An outside observer would be rightly alarmed. We used to front load the shitty stuff at the top, so we knew our convos wouldn’t get heavy later on.

“Was it annulled?” I ask.

Erica nods. “Somehow. She wouldn’t even let me offer any assets. Called them tainted by ‘gender ideology’.”

“At least she committed to the bit,” I say, and my mouth hangs open in shock. Yes, I said that.

Erica nods. “Indeed. I sold the house, put half in a trust for her. Least I could do.” She pokes at her food. “I wanted it to work, but things just…yeah. It got—“

“Too hard to deny.”

“Exactly.” And she smiles. “You get it.”

“Comforting the woman my husband has been fucking, consoling her, reassuring her that her life isn’t over, and meaning it? I don’t know if I’ve ever hated myself more.” Her crying, Robert’s name tattooed on her forearm (terribly), Aiden and Will sullen in a corner…telling her it’s not the end of the world, that she’s not broken, that she’s got a life ahead of her, doing my most Mom comforting in the world—for her, for this fucking home wrecker cunt.

“Imagine going to mass and being denied communion,” Erica says, sipping her soda through a straw. She’s dainty as ever. I mean, we’ll see—away from prying eyes she was a messy—

Assuming I’m taking her home.

“Since then,” I say, “it’s been shockingly similar to being married. Wake up, shower, kids off to school, work, bad interaction with a man, sleep, repeat.”

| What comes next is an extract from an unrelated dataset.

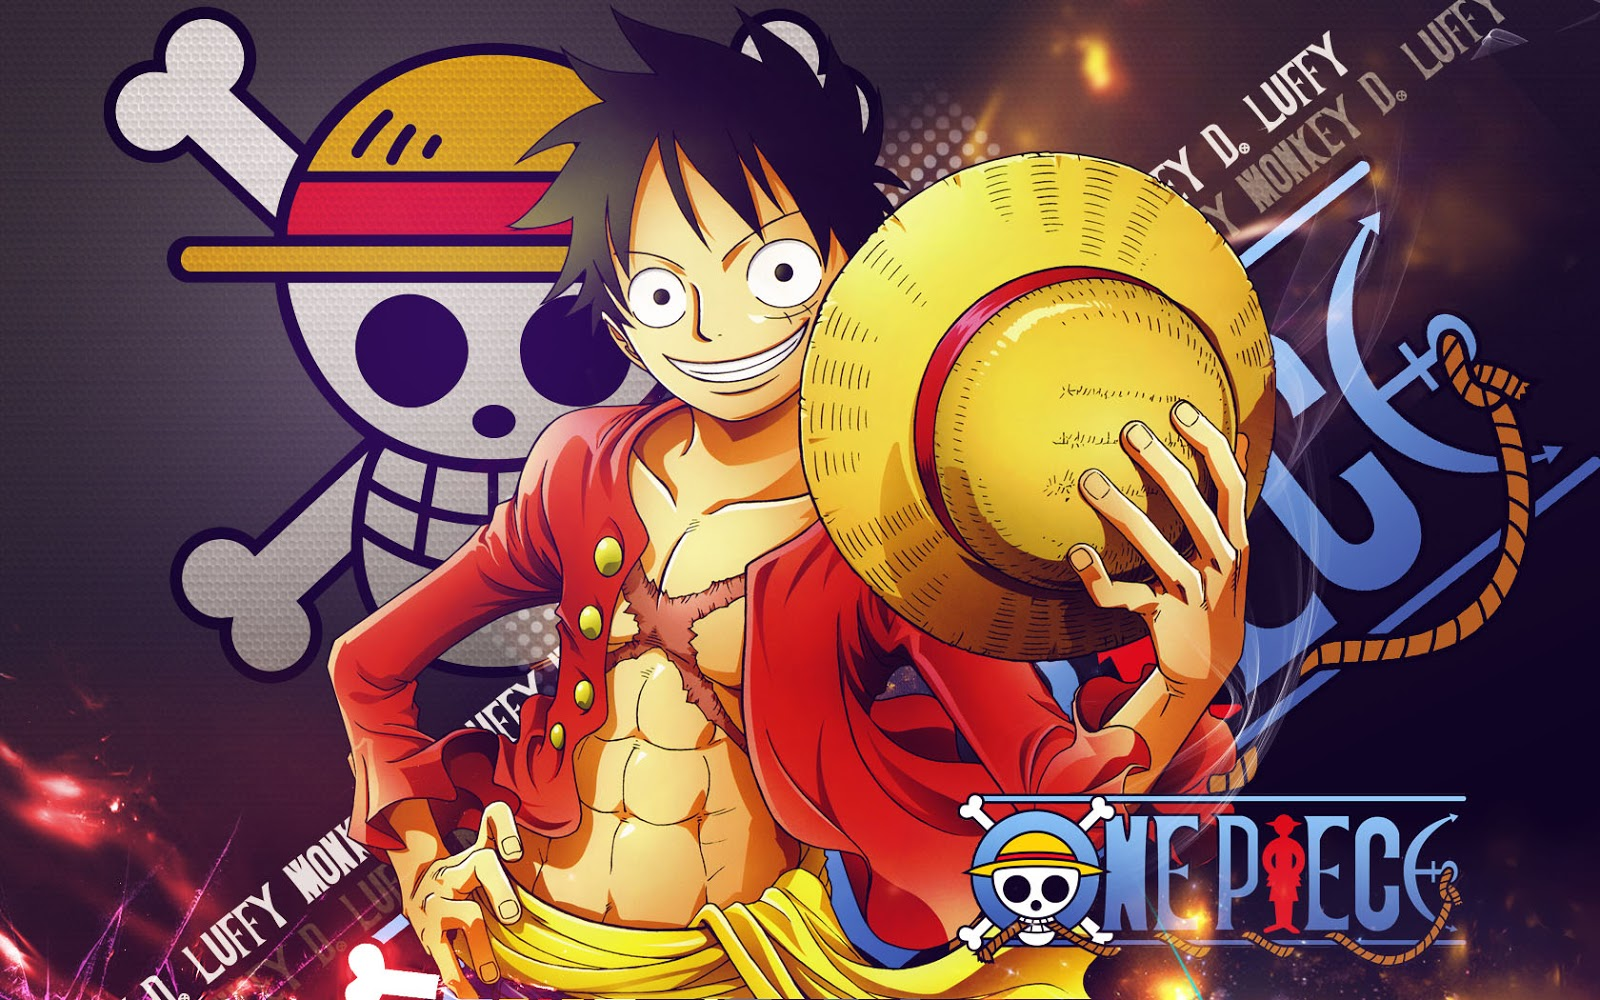 Free Download One Piece New World 2013 Wallpaper Maceme Wallpaper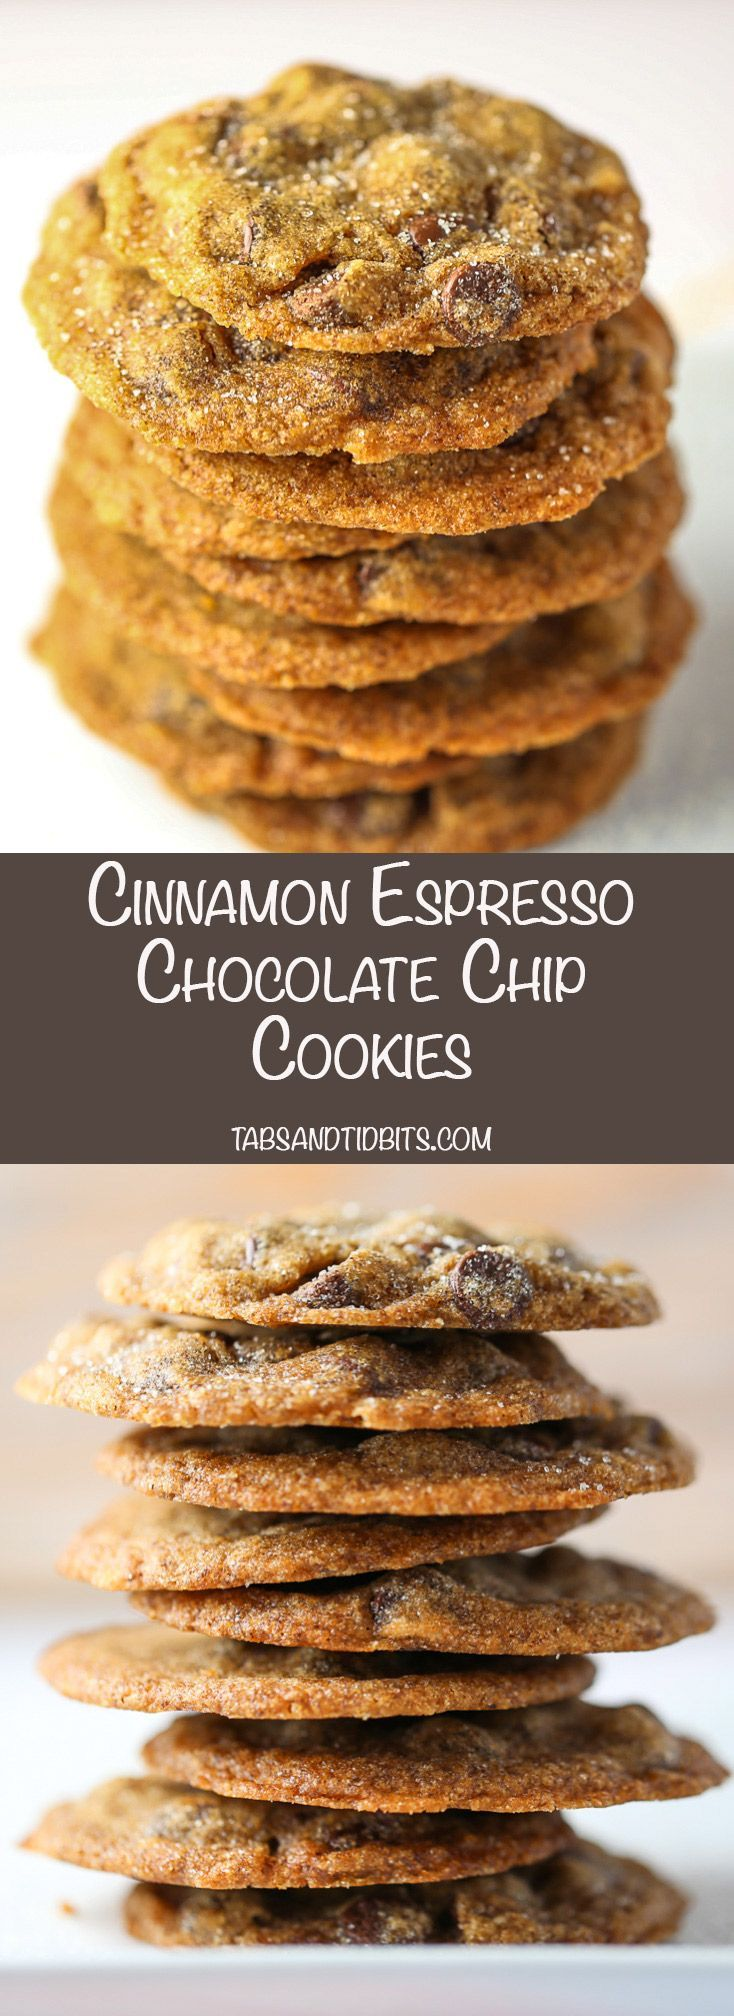 Cinnamon Expresso Chocolate Chip Cookies -Chocolate chip cookies with espresso and a sprinkle of cinnamon.

“What do you do now?” She asks. “Did you manage to get the studio thing going?”

I shake my head. “No. I do tech support for a pro app, sometimes on-site consults. I managed to work with a studio as a mixing assistant, but that band got dropped by their label and the budget dried up. So, here I am. What about you? Your master’s recital was one of my favorites.”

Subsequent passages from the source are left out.